Even if the State obtained the CSLI illegally and the search warrants were accordingly defective, the good-faith exception to the exclusionary rule applies to the officers’ objectively reasonable reliance on those warrants. This good-faith exception stems from the exclusionary rule’s aim to deter unlawful police conduct. See United States v. Leon, 468 U.S. 897, 920–21 (1984). …
But the good-faith exception does not apply if the officer had no reasonable grounds for believing that the warrant was properly issued. Id. at 922–23. …
Here, the good-faith exception applied: the officers had reasonable grounds for believing that the warrants were properly issued. When the officers applied for and obtained the warrants to search the residences, they did not have the benefit of Carpenter or other precedent establishing that the Fourth Amendment generally requires a warrant before police may access CSLI. In fact, the weight of authority at the time suggested the opposite—that no warrant was required. … So the police could reasonably presume the warrants were valid.
….
Since the good-faith exception applies to the officers’ searches of the two residences, the evidence obtained from those searches was properly admitted, irrespective of the CSLI language in the affidavits. For the harmless-error analysis, then, that evidence is part of “everything else the jury considered on the issue in question,” Yates, 500 U.S. at 403.
….
Having identified which evidence should have been excluded if the warrantless search of Zanders’s CSLI violated his Fourth Amendment rights, we now assess whether that evidence’s admission was harmless.

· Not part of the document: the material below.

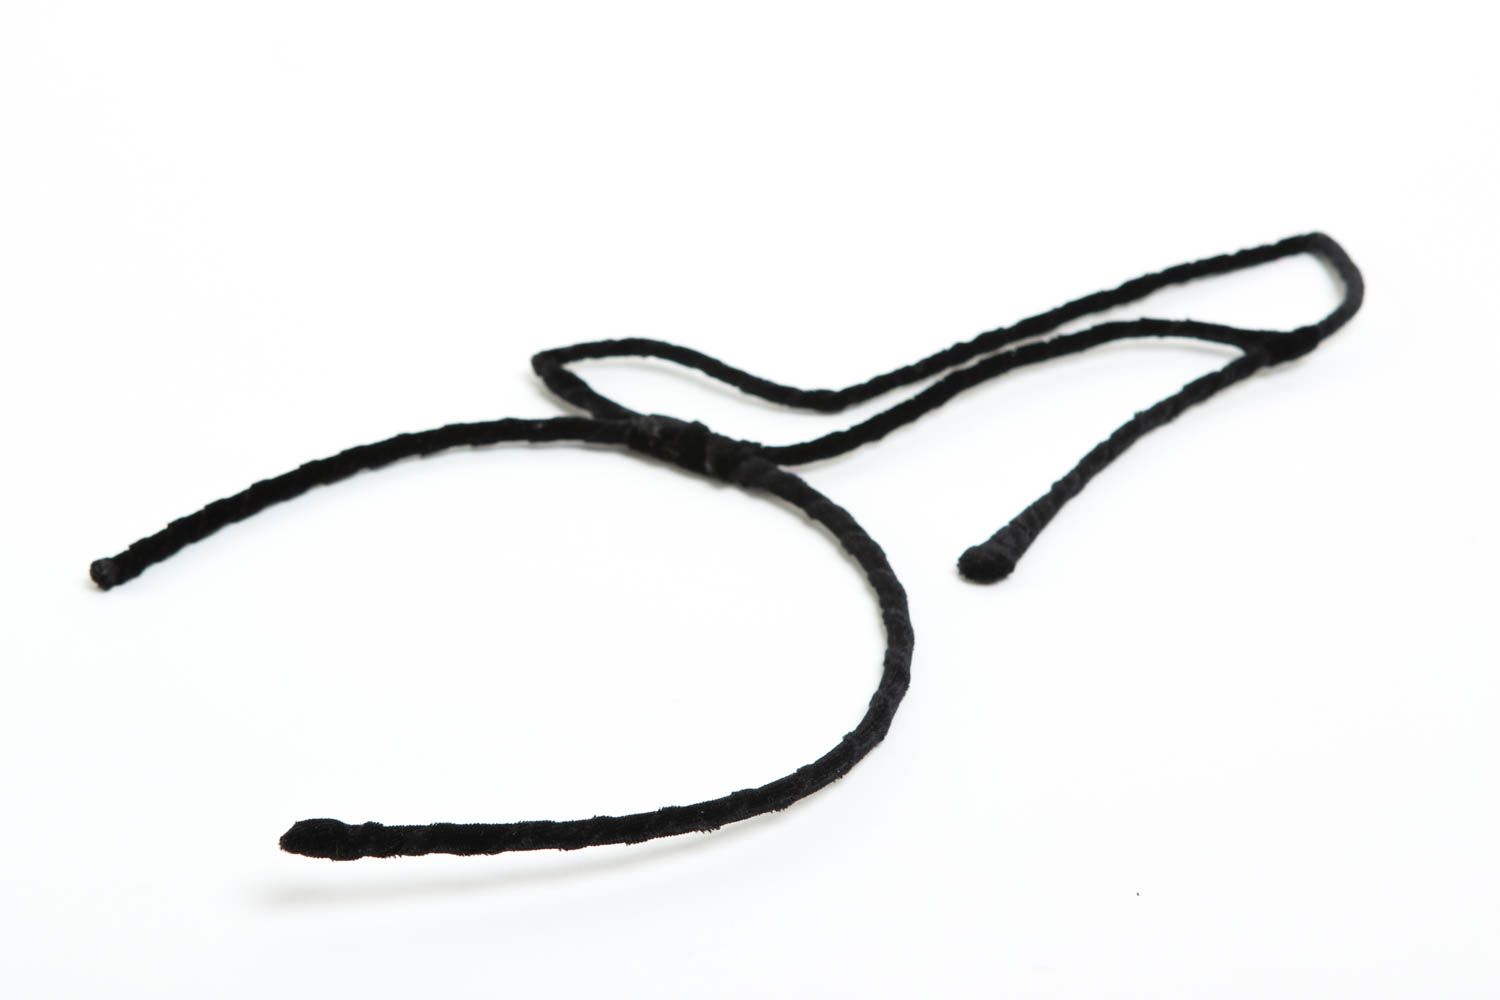 Handmade hair accessory designer headband fashionable hair band perfect gift photo 3

Whether an error in admitting evidence was harmless in a particular case depends on a host of factors. They include the presence or absence of other, corroborating evidence on material points; whether the impermissibly admitted evidence was cumulative; the overall strength of the prosecution’s case; the importance of the impermissible evidence in the prosecution’s case; and the extent of cross-examination or questioning on the impermissibly admitted evidence. See, e.g., United States v. Job, 871 F.3d 852, 865–67 (9th Cir. 2017); United States v. Russian, 848 F.3d 1239, 1248–50 (10th Cir. 2017); United States v. Bailey, 743 F.3d 322, 342–45 (2d Cir. 2014); Rabadi v. State, 541 N.E.2d 271, 276–77 (Ind. 1989); cf. Van Arsdall, 475 U.S. at 684. Considering each of these factors in view of the whole record, we can confidently declare, beyond a reasonable doubt, that the CSLI evidence did not contribute to the jury’s guilty verdicts.
….
In light of the Supreme Court’s decision in Carpenter, we hold that the State’s access to Zanders’s historical CSLI was a Fourth Amendment search. We also hold that, regardless of whether the search falls under the exigent-circumstances exception to the Fourth Amendment’s warrant requirement, the admission of the CSLI evidence was harmless beyond a reasonable doubt.
We therefore affirm Zanders’s convictions.
David, Massa, Slaughter, and Goff, JJ., concur.